Why Being Sick Sucks the Big Blue Ball...

I've been sick all week.  I got this nasty sinus infection/cold, even though my doctor told me that I was only "working on a sinus infection." How the hell does one work on an infection?  That implies I want it to happen.  I mean, granted there's nothing sexier than a woman who uses two boxes of facial tissues in one afternoon while shooting green snot out of her nose, but come on.  They hurt like hell, you can't smell or taste anything, and you have to take the all-purpose, icky-tasting medicine.  I wish doctors would get a clue.  No wonder people sue them left and right.  Maybe if they didn't act like jackasses and actually gave a poo-poo about their patients, then maybe people wouldn't sue.  
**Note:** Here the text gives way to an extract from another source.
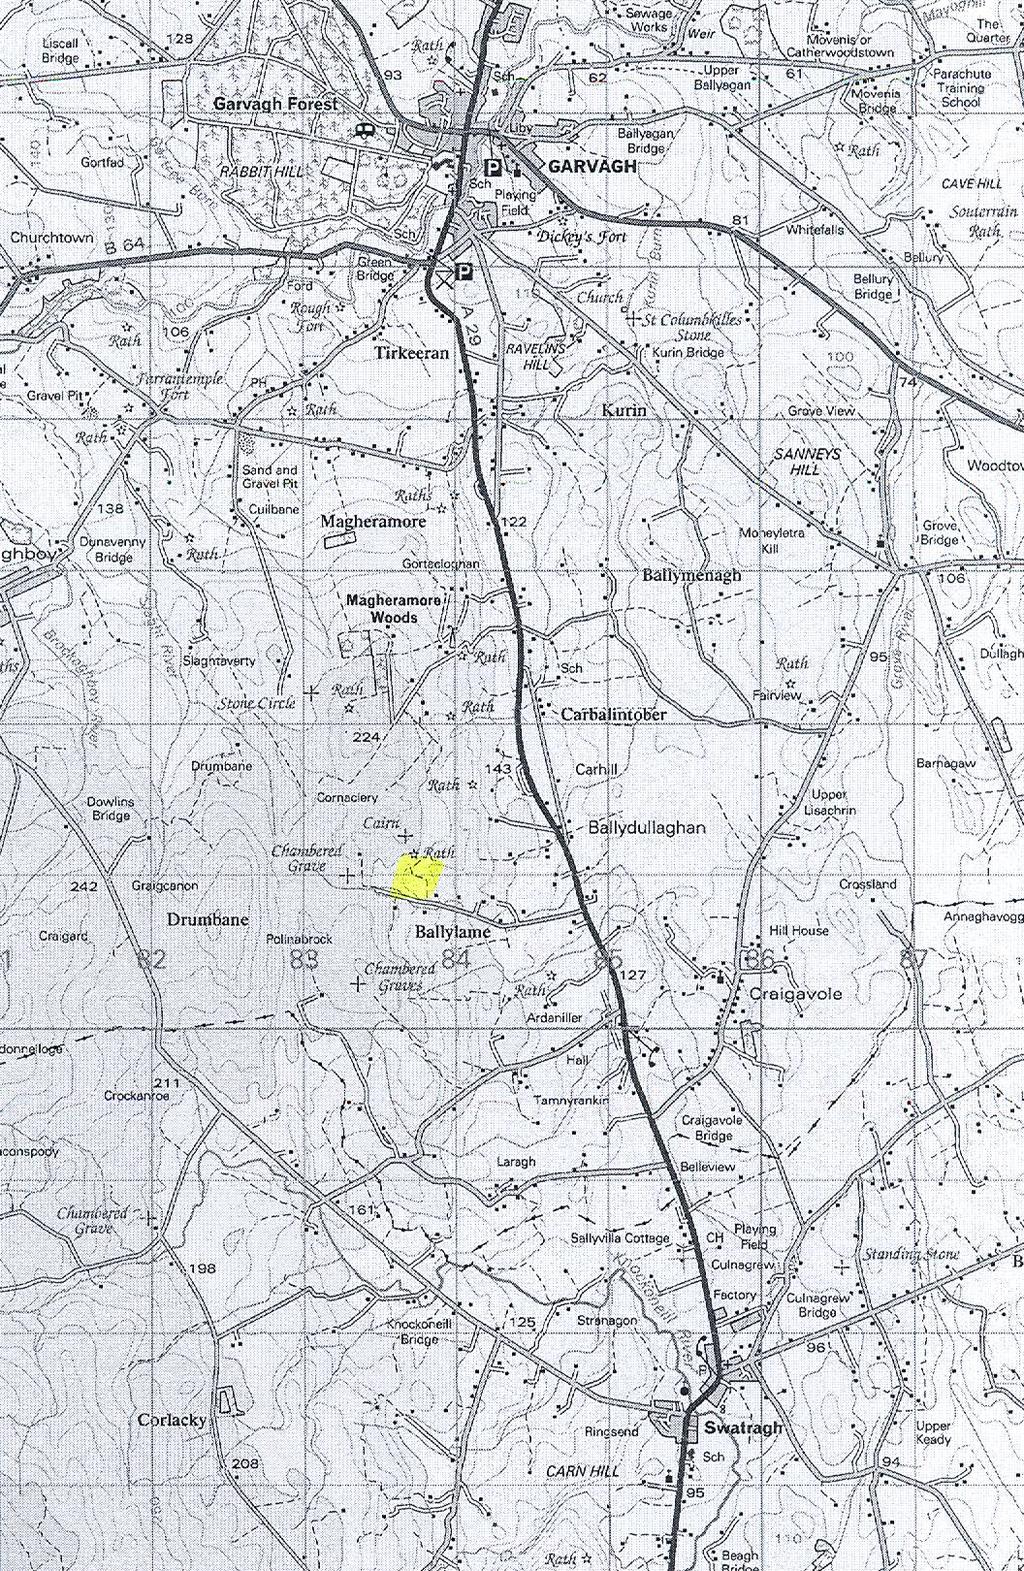 Figure 2: Detailed location map showing the position of the townland of Ballydullaghan between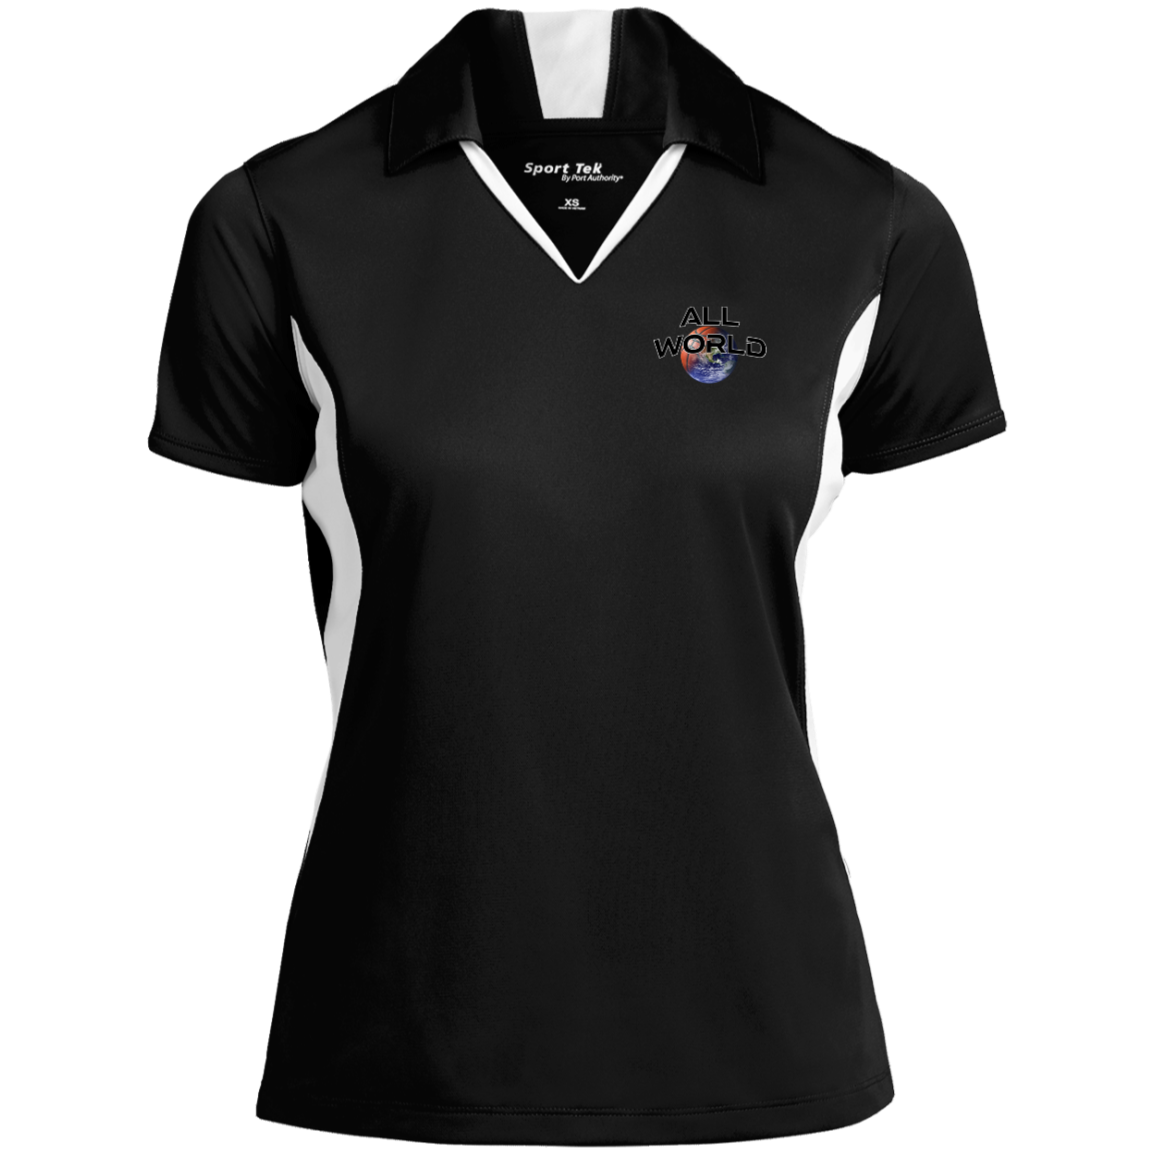 All World Ladies' Performance Polo

Another reason why being sick sucks is all the work that piles up while you're in recovery.  No one feels the need to maybe do their own work, so they just let it pile up for you until you decide not to work on that sinus infection anymore.  (Note: I'm a research assistant for one of the professors in the History department at my school who shall remain nameless for fear of me getting fired).  This person is such a baby.   For example, she wanted me to write the index of her book that's coming out.  I was like "umm, do I get royalities."  The prof replied "what royalities?"  Good point, but still.  So now I have to edit 50 pages of index.  Oh well, at least I don't have to write the book for them.